The agency issued a flood watch on Thursday afternoon, a flash flood warning by 1 a.m. on Friday (about an hour after rains started), and a flash flood emergency urging evacuations at around 4 a.m.—about an hour before the most serious flooding occurred.

There did appear to be some delays when those NWS warnings were transmitted to the public via social media by local officials.

Lanza says that the weekend's tragic deaths from the flood resulted not from inadequate advance warning, but seemingly rather from people on the ground not responding fast enough to the warnings they were receiving.

"I think we need to focus our attention on how people in these types of locations receive warnings. This seems to be where the breakdown occurred," he writes on his Substack.

Getting people to respond quickly and appropriately to flash flood warnings, Lanza notes, is a difficult task, especially given that the weekend's flood occurred in the wee hours of the morning when most people are inside and asleep. That means they were less likely to see text warnings of the impending disaster.

More generally, meteorologists who spoke to Wired stressed that precisely predicting how much rain will fall from a thunderstorm, and where it will fall, is extremely difficult. There's always some element of chance involved.

That complicates when to warn people of potential flooding. It also makes it harder to get people to take flood warnings seriously.

More frequent and more ubiquitous extreme weather warnings can backfire, as anyone who's ever ignored a "tornado" or "flash flood" text alert on their phone should be able to appreciate.

The more warnings one receives about a disaster that doesn't end up happening, the less likely they are to take the next warning seriously.

It's worth noting, too, that even given central Texas' history of flash floods, the weekend's floods were still an outlier event.

As one meteorologist told Wired, the amount of rainfall central Texas witnessed in a six-hour period exceeded the 1,000-year rainfall rate, meaning there's less than a 0.1 percent chance of that happening in a given year.

Even the best emergency management systems will struggle with outlier events like that.

The Texas floods are, in that sense, reminiscent of the Los Angeles wildfires from earlier this year.
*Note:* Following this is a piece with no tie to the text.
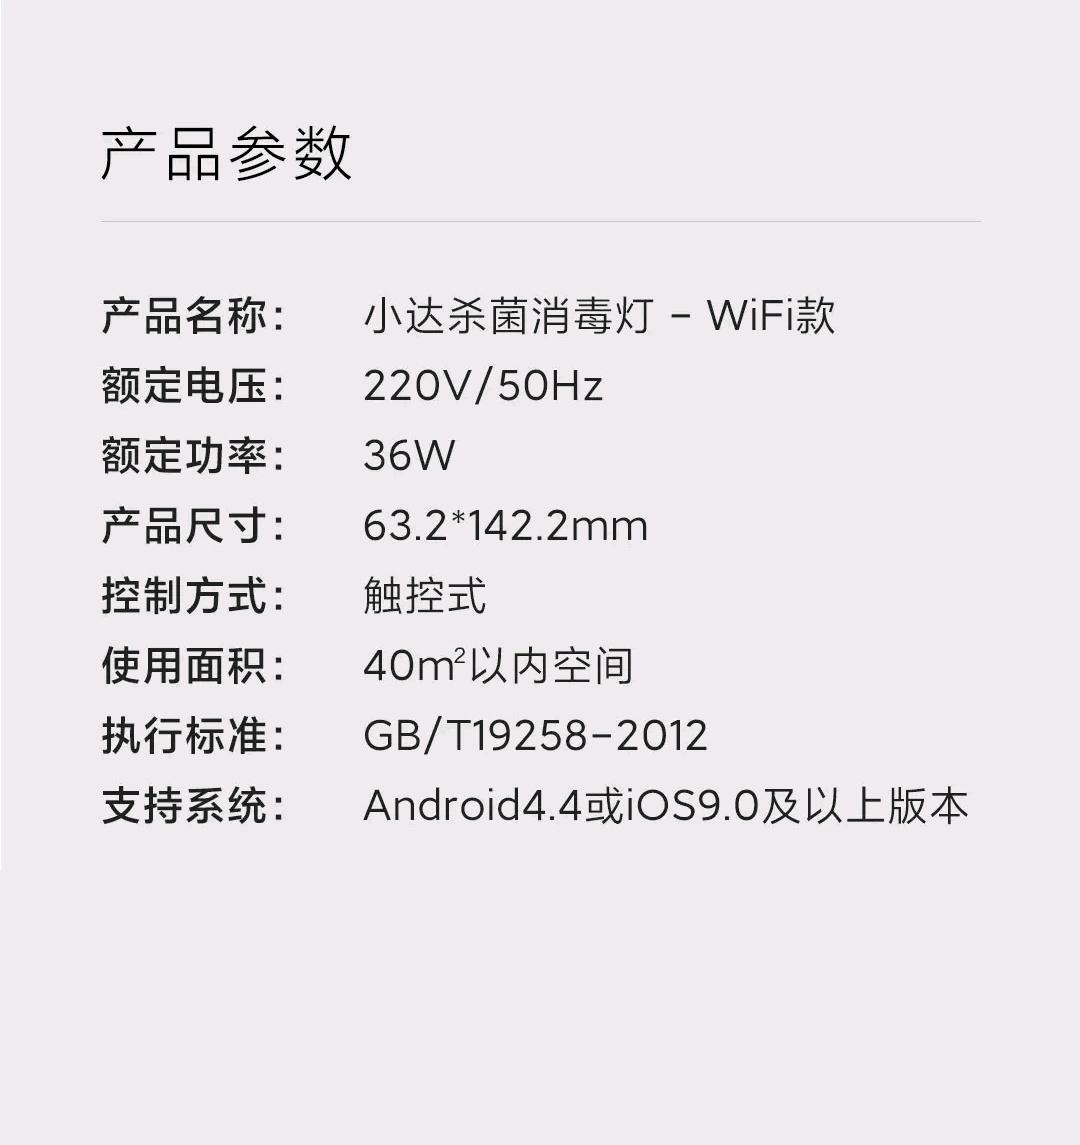 1600x_image.png?1606394769

Just as central Texas floods with relative frequency, so too does the Los Angeles hinterlands burn with relative frequency.
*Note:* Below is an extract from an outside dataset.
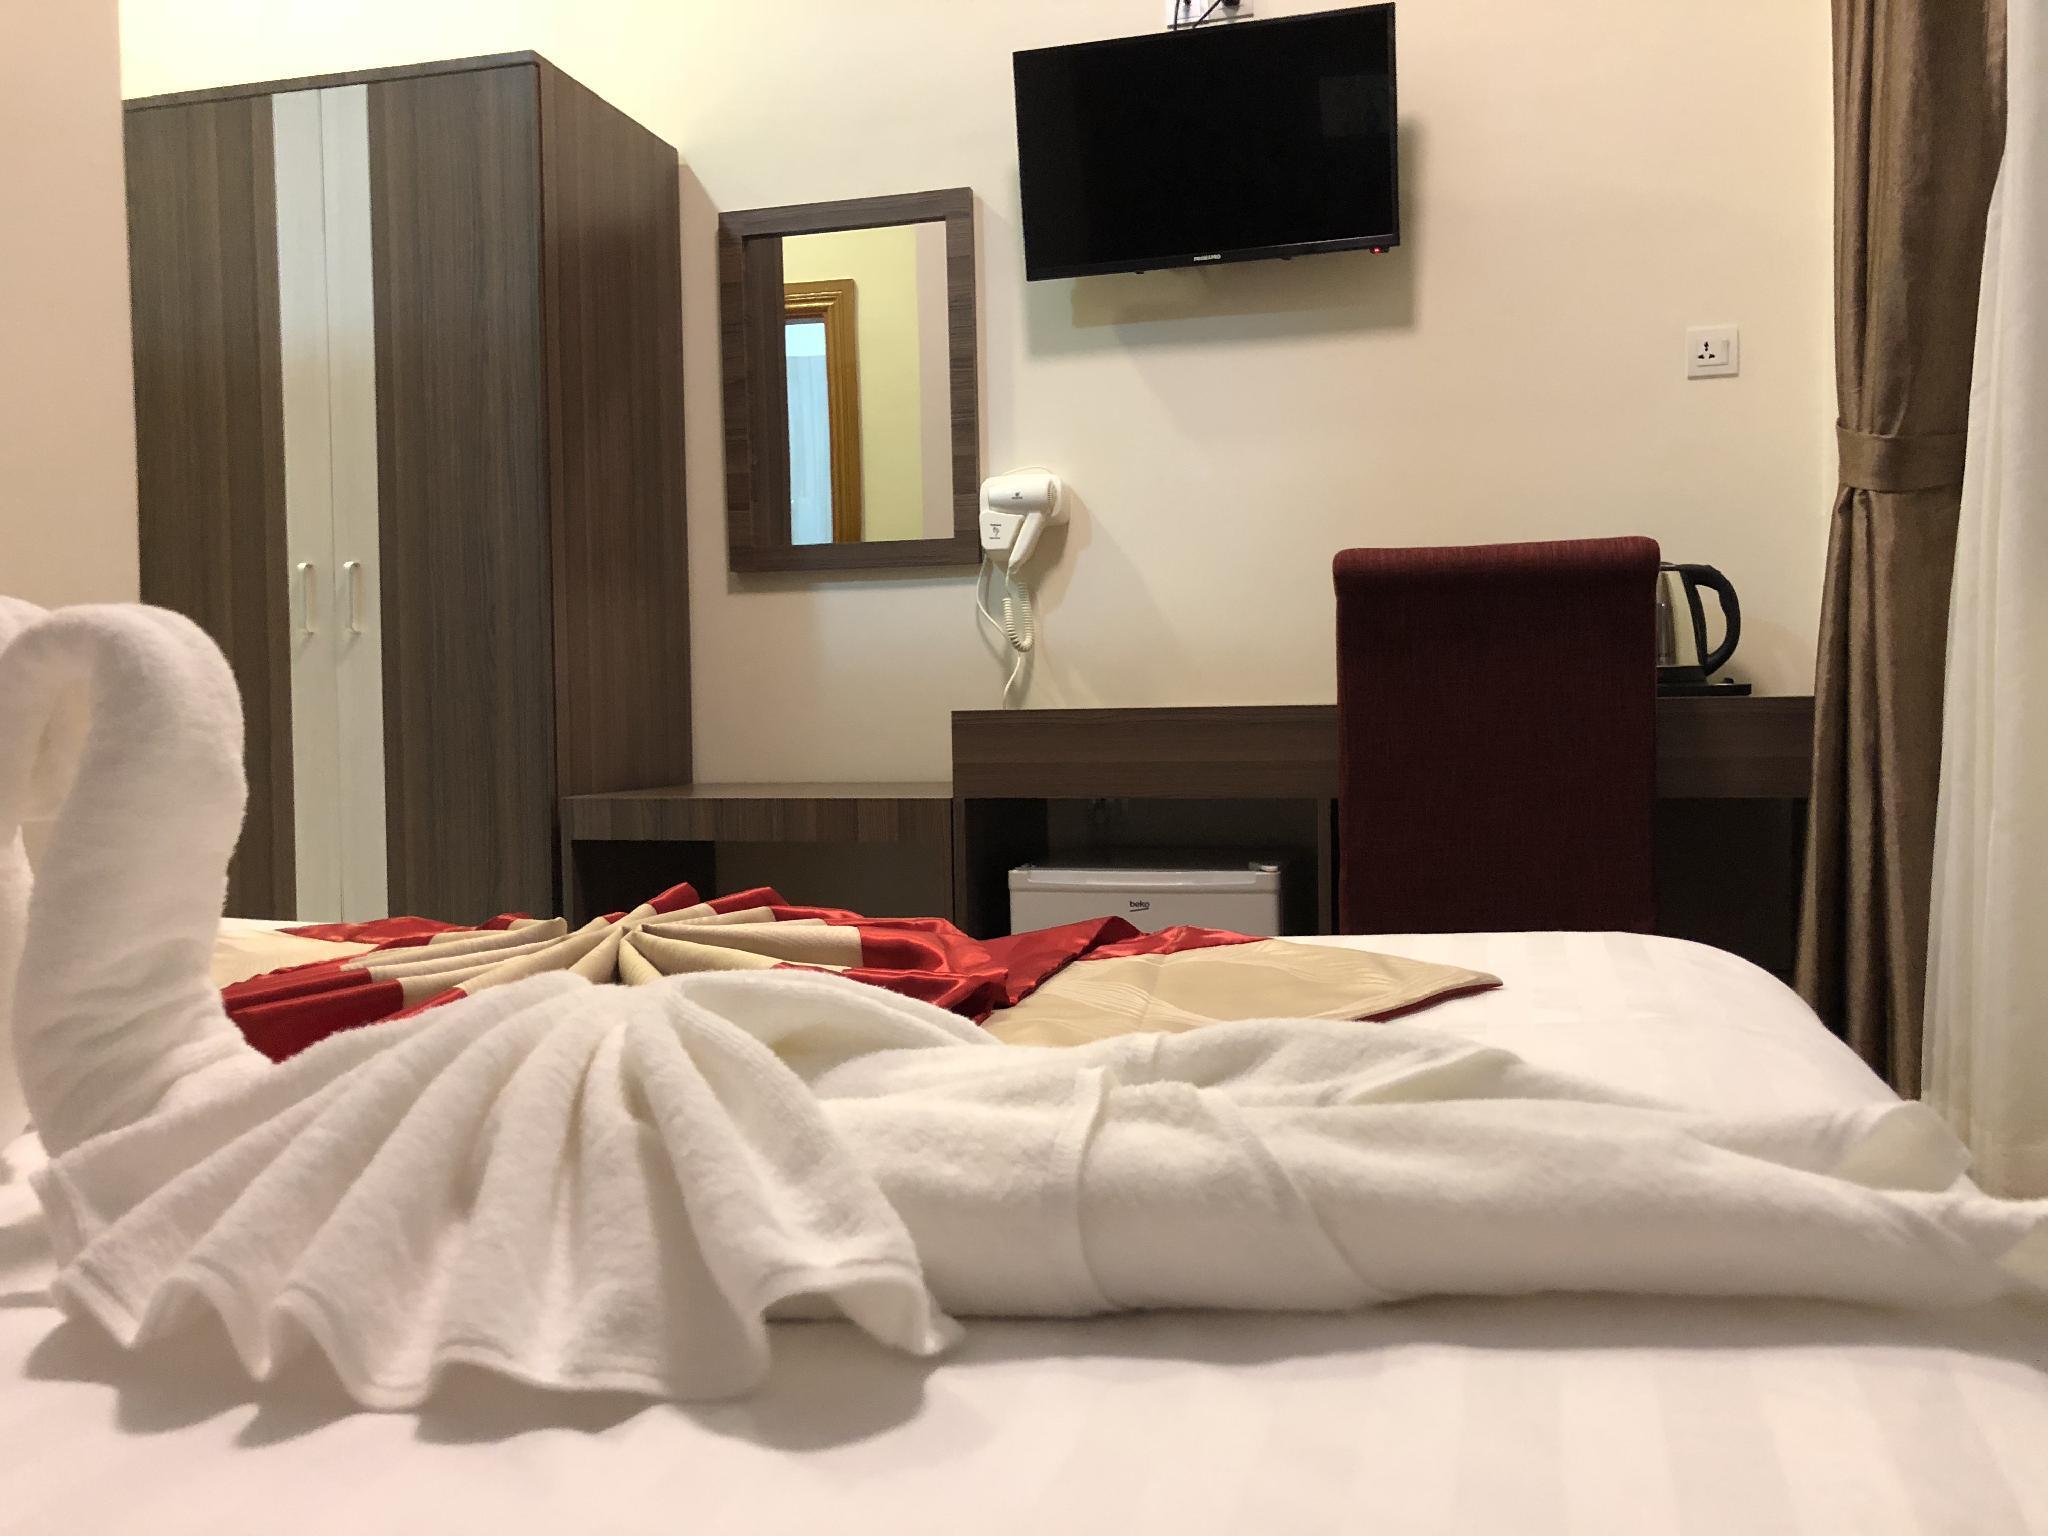 Hotel KS (Mawlamyaine), Mawlamyine

Like the weekend's flooding, this year's L.A. fires were more severe than normal, and thus caught people off-guard and overtaxed the systems designed to prevent and respond to them.

In the aftermath of California's fires, it was largely conservatives blaming various liberal policies for the loss of life and property.

And yet, as I wrote in the aftermath of the fires, the real culprit was bad weather, not bad public policy.

In a general sense, better public land management, better urban planning, and better insurance regulations could lessen the destruction from California wildfires. None of those things would have stopped 100-mile-an-hour winds from blowing burning embers into urban neighborhoods that have been standing for nearly a century.

Likewise, advance weather warnings, better local responsiveness, and more weather sirens can all reduce the death and destruction from flash floods. They can only do so much in the face of a 1,000-year flood that causes a river to rise 30 feet in a few hours in the middle of the night during the prime recreation season.

At the end of the day, people will pay a premium to live in the California woods, even if there's the off-hand risk that a wildfire will burn their house down. Similarly, people like to camp and recreate next to rivers during a hot Texas summer, even if there's a small risk of a flash flood.

The fact that the Trump administration's cuts to NWS didn't affect this most recent disaster in Texas doesn't tell us much about the wisdom of those cuts.

One could argue the agency is functioning well, despite having fewer staff, and that's proof that there was fat to cut at NWS.

Meteorologists in the media have countered that the Texas disaster shows how important a fully staffed NWS is for providing advance warning of impending disasters. Cuts to the agency could leave it under-resourced for future disasters.

It's a worthwhile policy discussion to have. It's not one we're having in the aftermath of the weekend's tragic floods.